Imports of services decreased $1.0 billion to $49.3 billion in January.

  • Transport decreased $0.8 billion.
  • Travel decreased $0.5 billion.
  • Other business services increased $0.1 billion.

Real Goods in 2012 Dollars – Census Basis (exhibit 11)

The real goods deficit increased $6.4 billion to $118.1 billion in January.

  • Real exports of goods decreased $6.0 billion to $147.2 billion.
  • Real imports of goods increased $0.4 billion to $265.3 billion.

Revisions

Exports and imports of goods and services were revised for July through December 2021 to incorporate more comprehensive and updated quarterly and monthly data. In addition to these revisions, seasonally adjusted data for all months of 2021 were revised so that the totals of the seasonally adjusted months equal the annual totals.

Revisions to December exports

  • Exports of goods were revised down $0.1 billion.
  • Exports of services were revised up $0.3 billion.

Revisions to December imports

  • Imports of goods were revised up $0.3 billion.
  • Imports of services were revised up $1.2 billion.

Goods by Selected Countries and Areas: Monthly – Census Basis (exhibit 19)

The January figures show surpluses, in billions of dollars, with South and Central America ($4.4), Hong Kong ($2.0), Singapore ($1.3), Brazil ($1.1), and United Kingdom ($1.0). Deficits were recorded, in billions of dollars, with China ($33.3), European Union ($18.0), Mexico ($12.5), Japan ($7.1), Canada ($6.8), Germany ($5.4), Taiwan ($3.9), Italy ($3.2), South Korea ($3.0), India ($2.4), Saudi Arabia ($0.8), and France ($0.8).

  • The deficit with Canada increased $2.6 billion to $6.8 billion in January. Exports decreased $1.2 billion to $27.7 billion and imports increased $1.4 billion to $34.5 billion.
  • The deficit with Japan increased $2.1 billion to $7.1 billion in January. Exports increased $0.1 billion to $6.2 billion and imports increased $2.2 billion to $13.4 billion.
  • The deficit with India decreased $1.5 billion to $2.4 billion in January. Exports increased $0.6 billion to $4.3 billion and imports decreased $0.9 billion to $6.7 billion.

Goods and Services by Selected Countries and Areas: Quarterly – Balance of Payments Basis

Statistics on trade in goods and services by country and area are only available quarterly, with a one-month lag. With this release, fourth-quarter figures are now available.

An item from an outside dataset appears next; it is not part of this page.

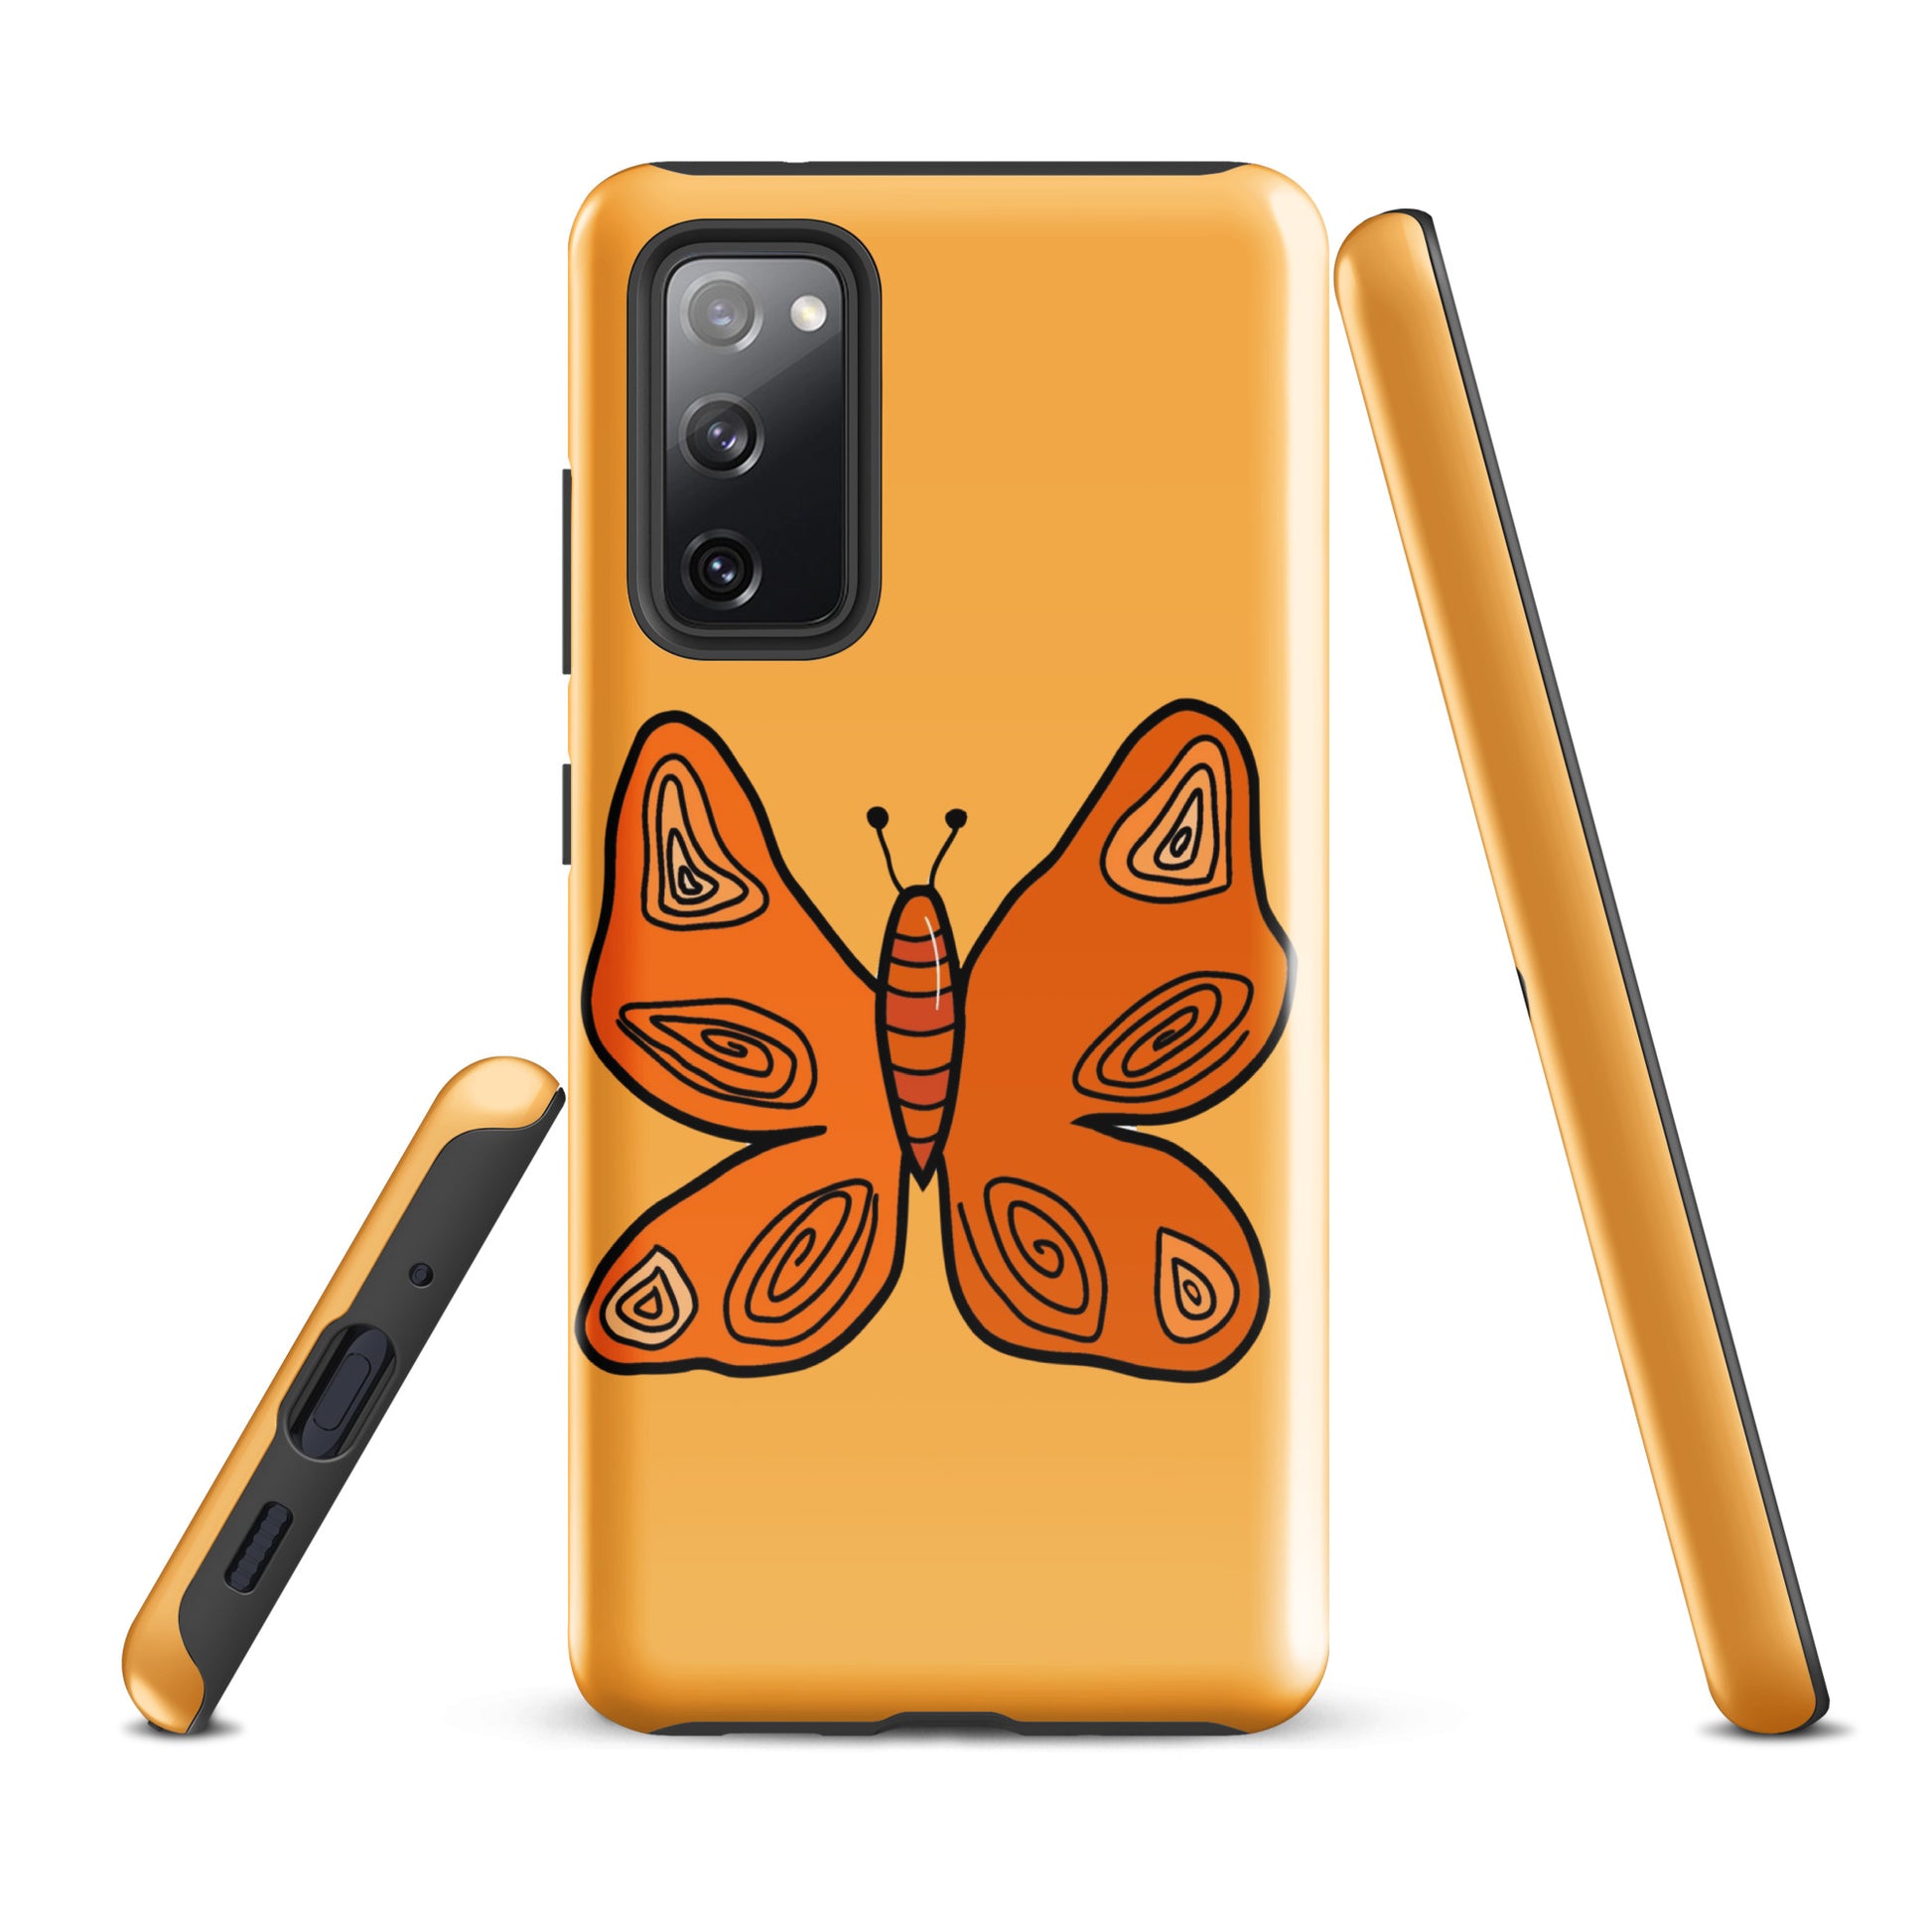 An Orange Butterfly Case for the Samsung Galaxy S20 FE

The fourth-quarter figures show surpluses, in billions of dollars, with South and Central America ($22.1), Hong Kong ($6.7), Brazil ($6.4), Singapore ($5.1), United Kingdom ($5.0), and Saudi Arabia ($0.7). Deficits were recorded, in billions of dollars, with China ($87.9), European Union ($39.4), Mexico ($33.5), Germany ($18.4), India ($13.8), Taiwan ($11.9), Japan ($11.4), Italy ($10.5), Canada ($8.5), South Korea ($6.7), and France ($4.6).

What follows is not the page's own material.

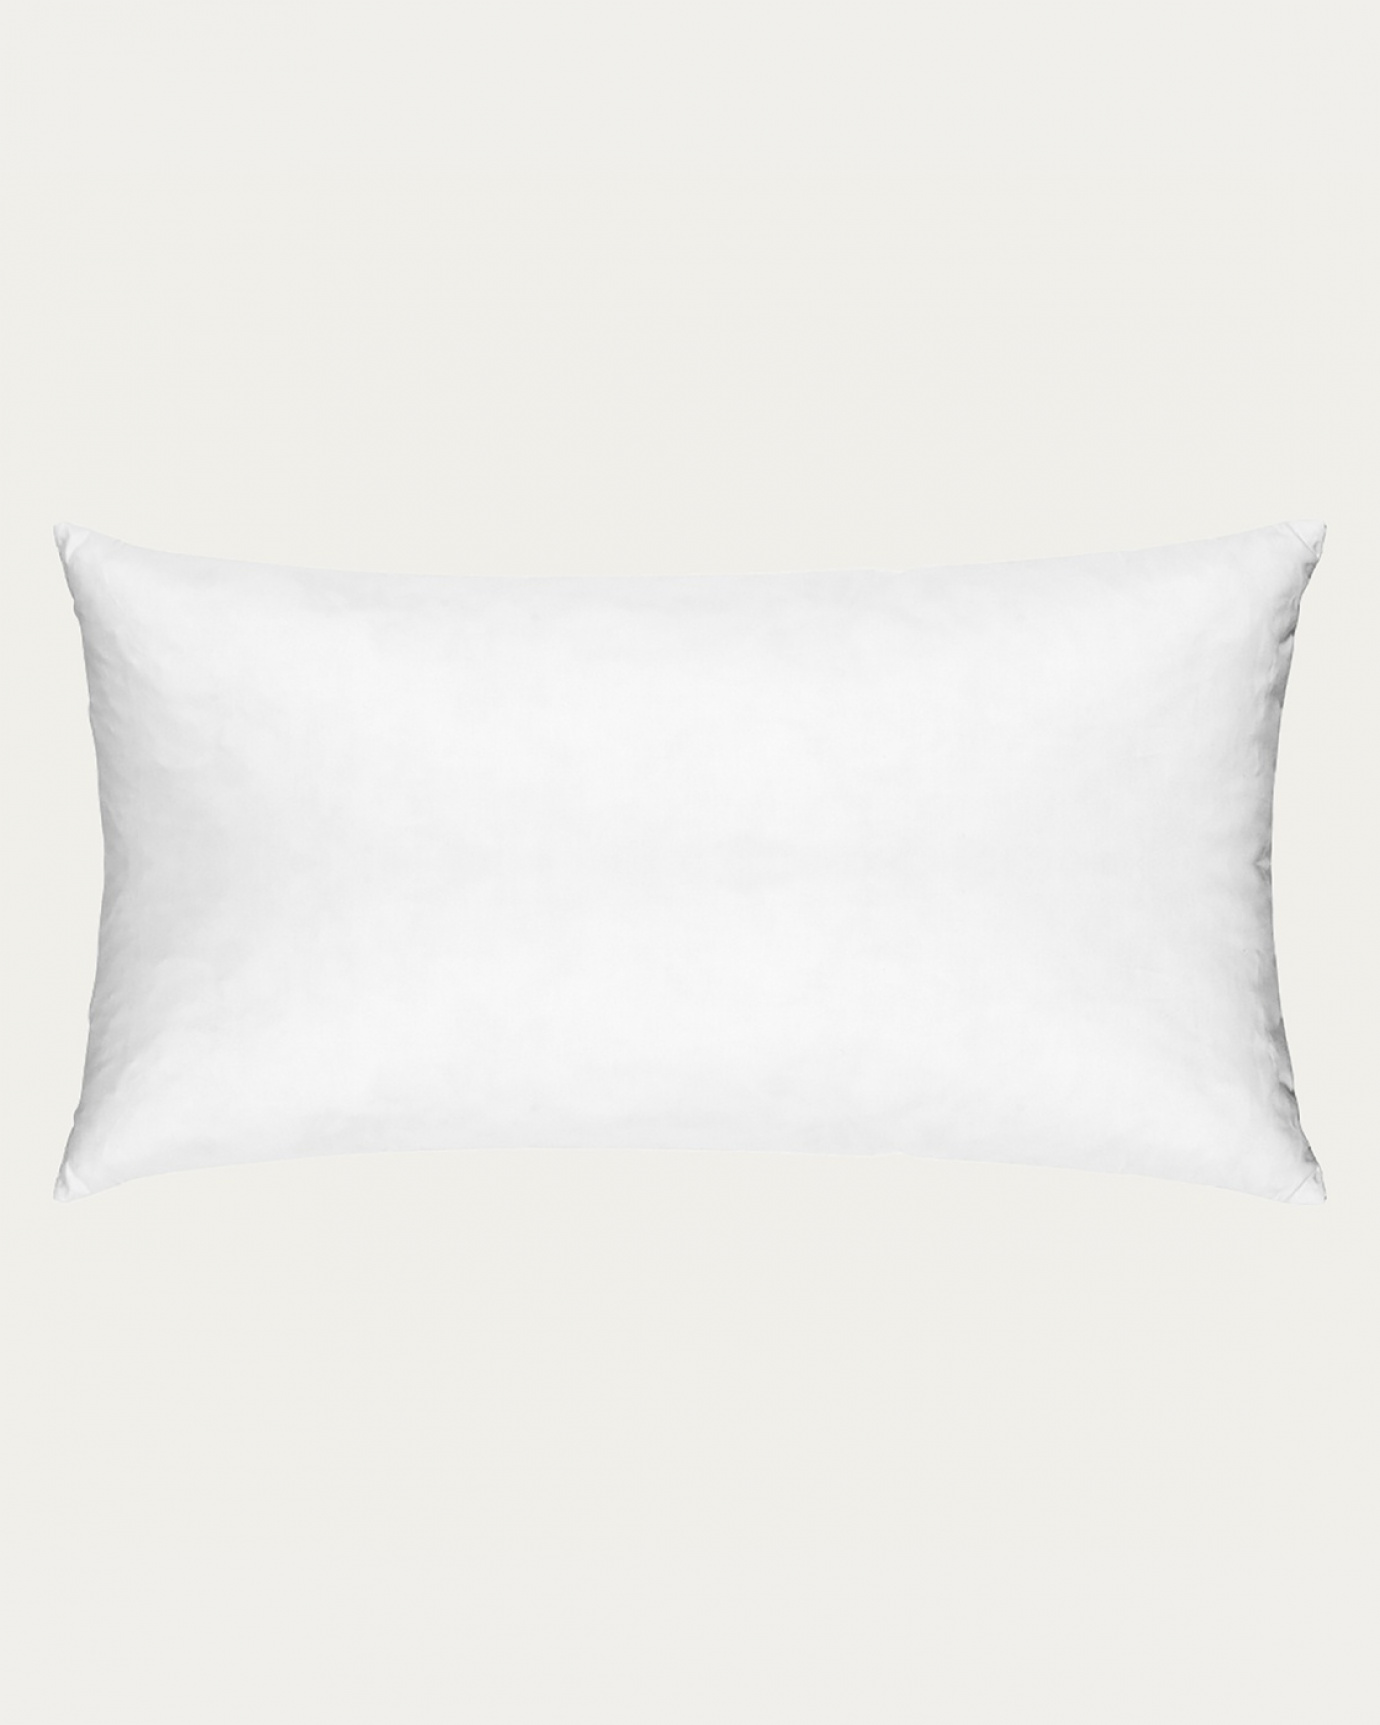 Product image white SYNTHETIC cushion insert made of cotton with polyester filling from LINUM DESIGN. Size 50x90 cm.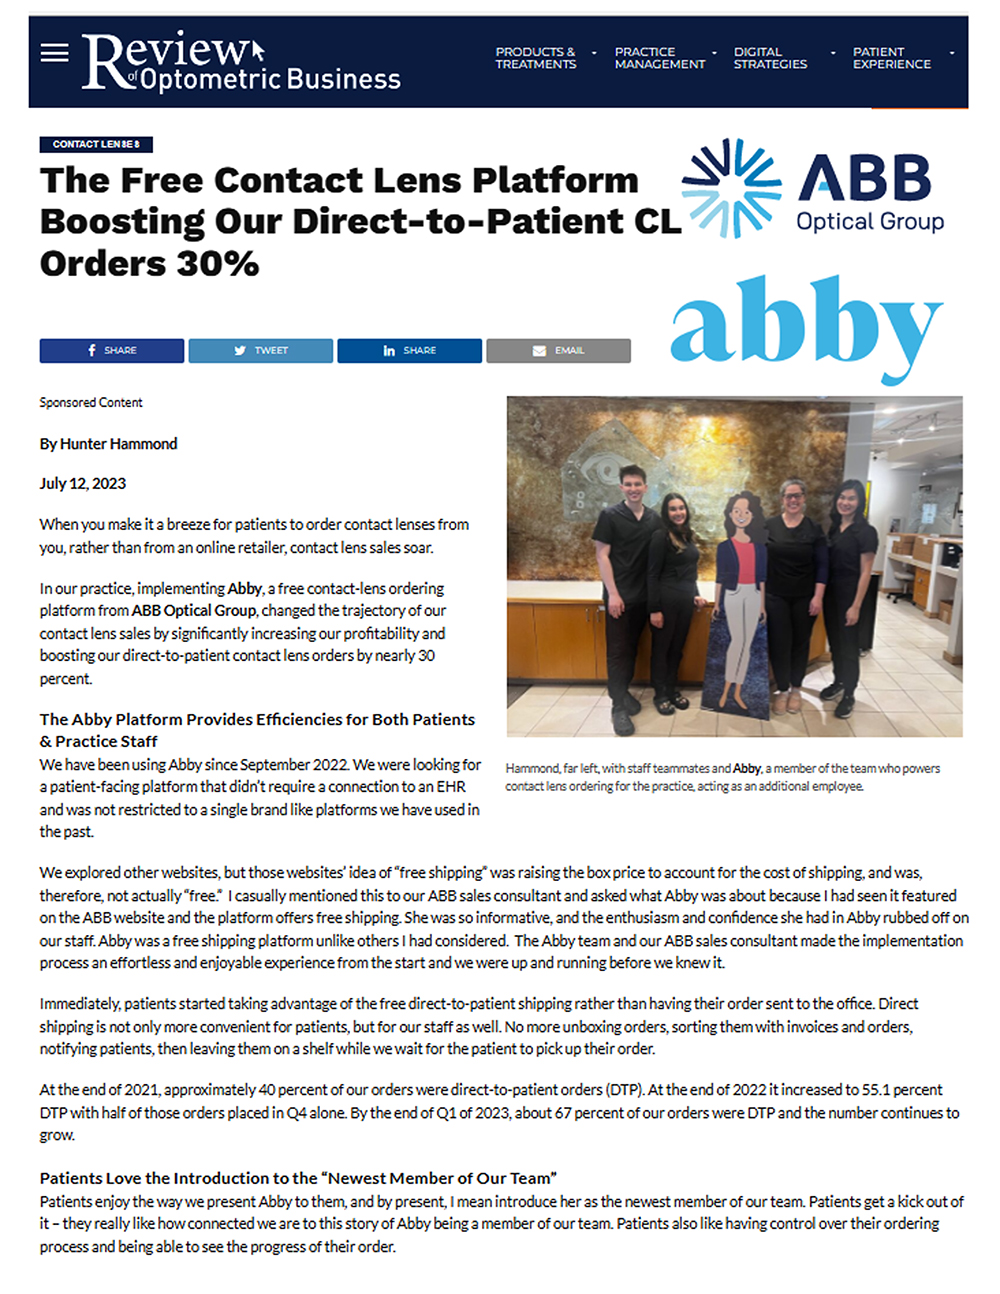 Abby Boosts DTP by 30 Percent - ROB Article 7-12-23 thumbnail

  • The deficit with China increased $8.4 billion to $87.9 billion in the fourth quarter. Exports increased $2.8 billion to $48.0 billion and imports increased $11.2 billion to $136.0 billion.
  • The deficit with Mexico increased $8.3 billion to $33.5 billion in the fourth quarter. Exports increased $1.8 billion to $79.5 billion and imports increased $10.1 billion to $113.0 billion.
  • The deficit with Japan decreased $4.5 billion to $11.4 billion in the fourth quarter. Exports increased $1.6 billion to $28.9 billion and imports decreased $2.8 billion to $40.4 billion.